Hmm satisfied customer.
Any others?


----------



## michfire01 (Mar 3, 2009)

I have an AMAYA it is the older one, " red one". I can say this I learned on this machine, so I do not know how others sew. However mine is very tempermental. If it does not like the design or the digitizing it will break thread after tread. Also I am not impressed with its ability to sew hats.


----------



## BML Builder (Jul 8, 2008)

I started with the big red and have traded them in for the XTs and they are really much nicer and easier to use than the big red especially on hats. They also have the extended WACF to give them the ability to sew farther around the hats than most other machines.


----------



## Prinsz (Oct 6, 2008)

Ok I did it!
I bought a barudan Elite pro 15 needle machine and the deco studio with it to start my embroidery business.
Guess I my choice was the barudan cause I heard a lot of good things about the XT but some doubts as well. Th barudan didn't.
And they sold it to me for the same price and offered me the lot (training hoops etc)
I had a lot of doubts (amaya,or the barudan bridgetype, 12 or 15 needle, deco or embroidery etc. etc.) and I hope this is gonna work out for me.
I would like to thank you all for your replies and when I handle the learning curve I hope to help others as well as you all helped me.
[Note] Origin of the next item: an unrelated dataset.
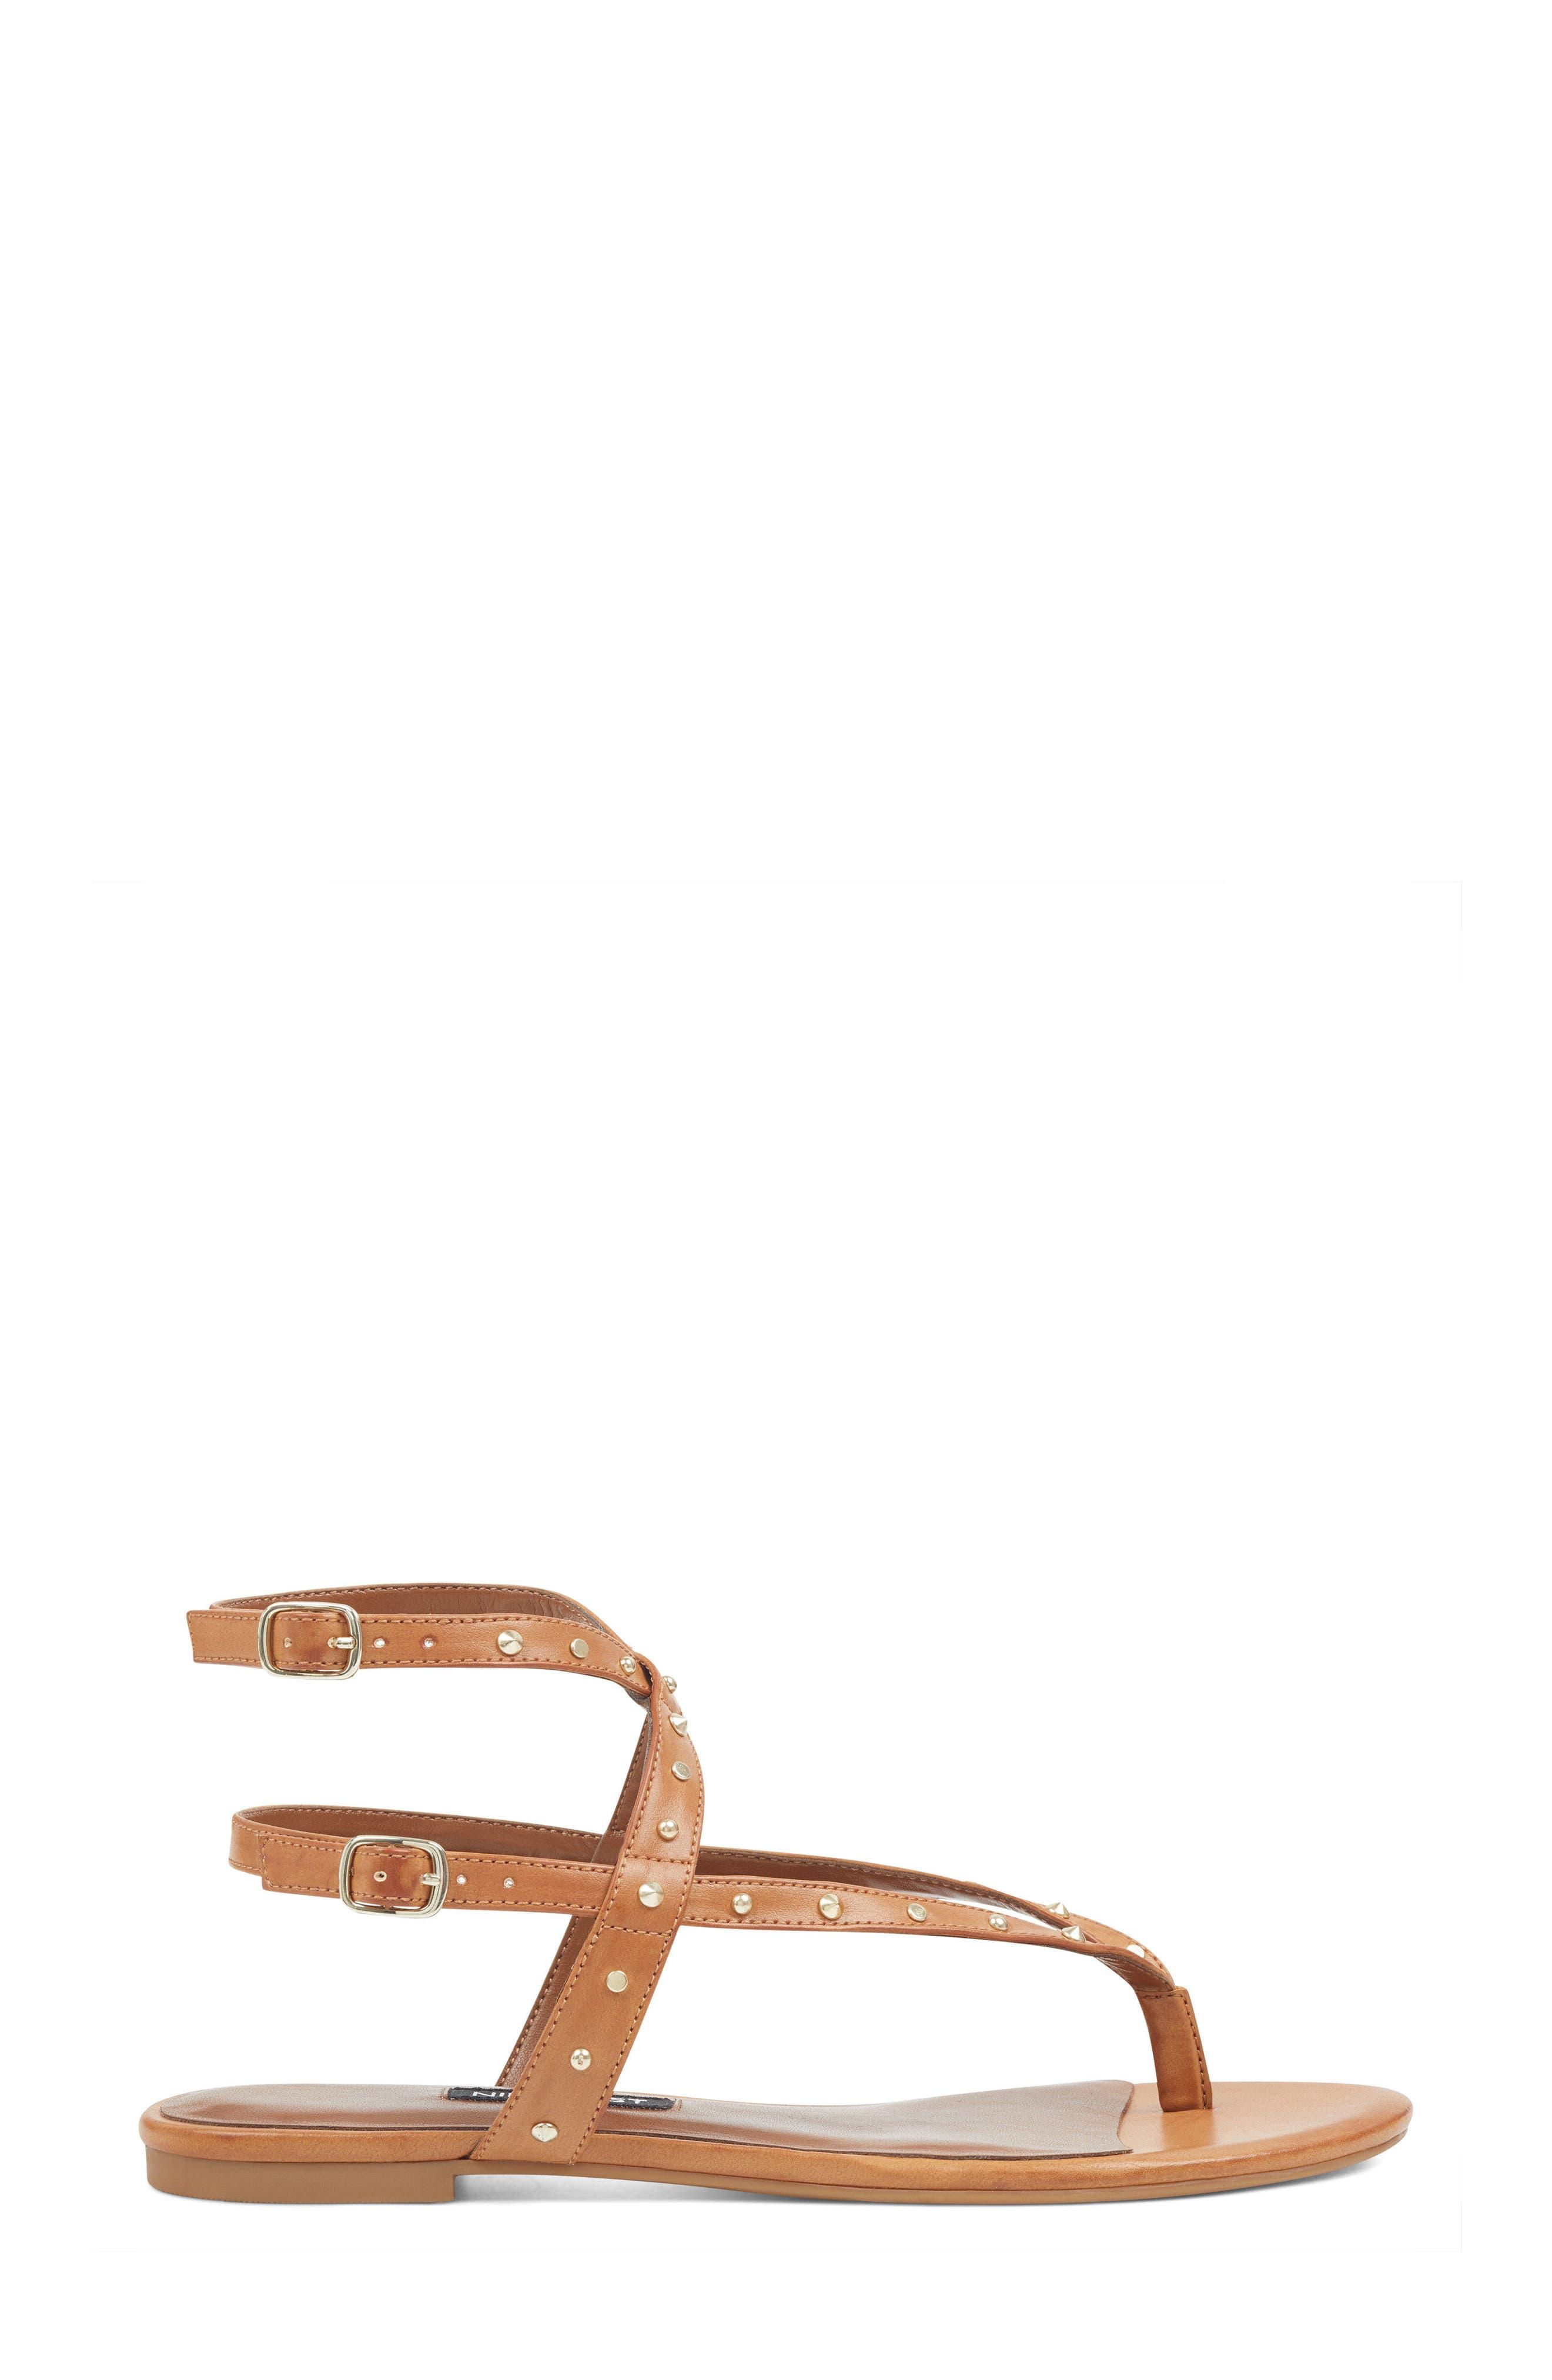 Simcha Studded Wraparound Sandal,                             Alternate thumbnail 3, color,                             Dark Natural Faux Leather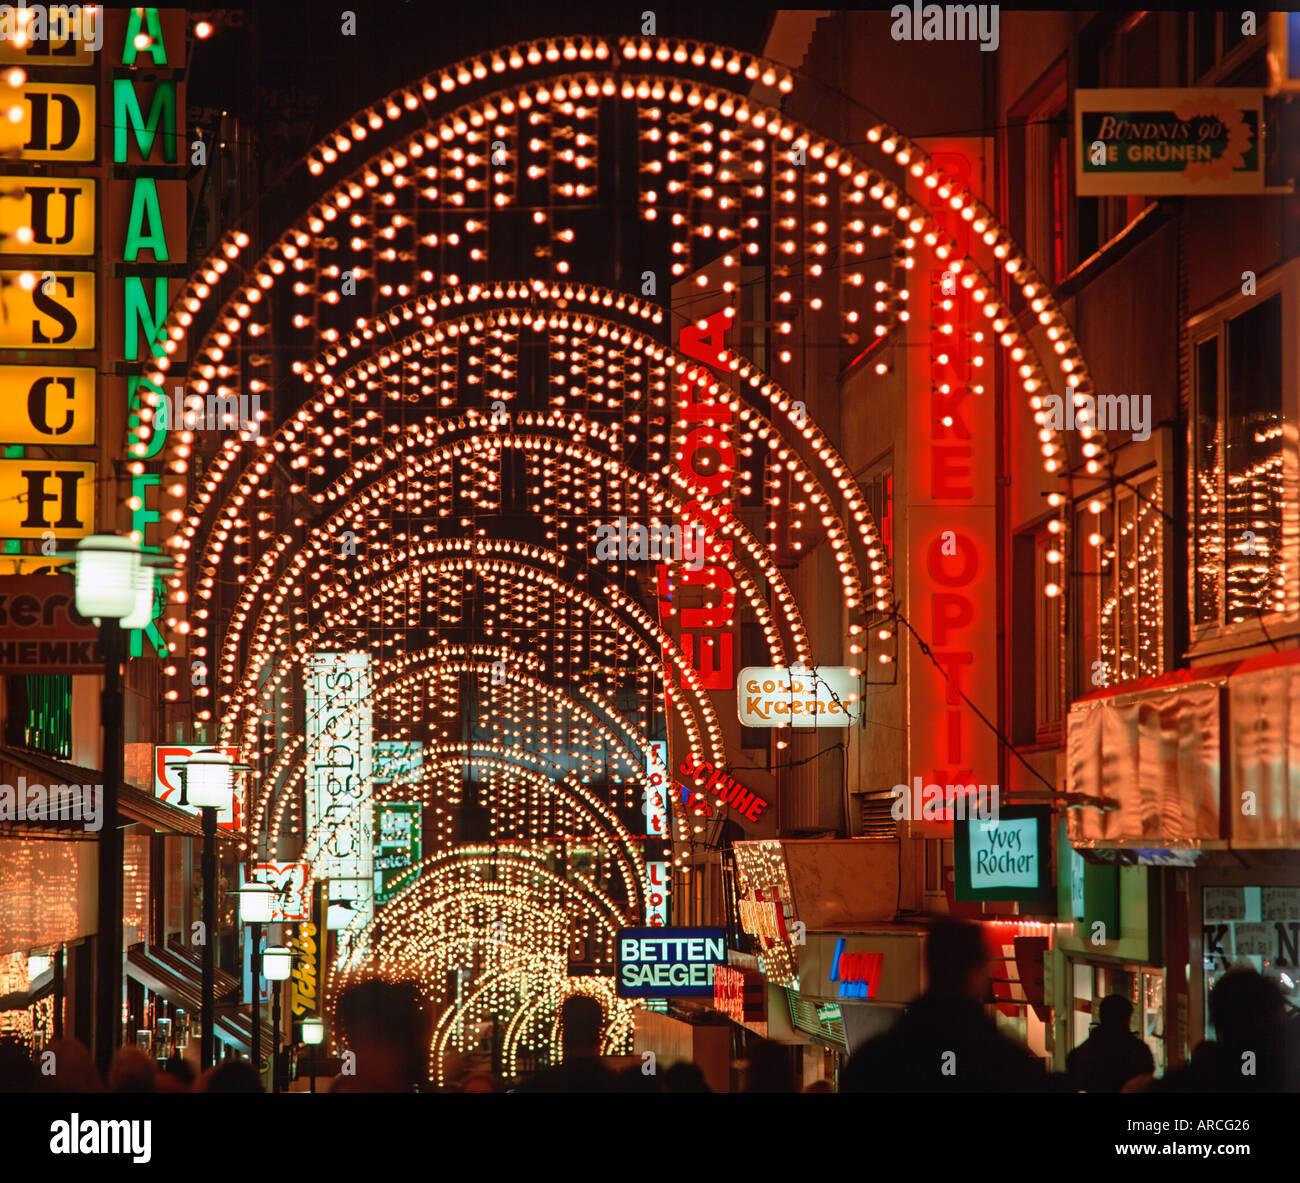 Essen Light Weeks Stock Photo

Regards from tthe Netherlands ( europe)


----------



## Earl Smith (Sep 30, 2008)

Good Luck Rene. I think you have made the right choice. Any questions you can PM me or post on here. I am not an expert but I will do my best. Glad to help. My second Elite Pro comes tomorrow. 
If you have questions about the Deco Studio you can also use the Wilcom forum. www.embroiderystartup.com very helpful there too. 
Earl


----------



## Prinsz (Oct 6, 2008)

Danke sehr Earl.
You are appreciated!


----------



## kifcat (Dec 5, 2009)

I have just bought an Amaya XT and had many thread breaks on demo and have many thread breaks in daily use. The BIG ISSUE already, is the MANUAL rethreading - something that simply never crossed my mind. It's realtively easy, just time consuming.


----------



## Prinsz (Oct 6, 2008)

Still have them thread breaks now that you know that?


----------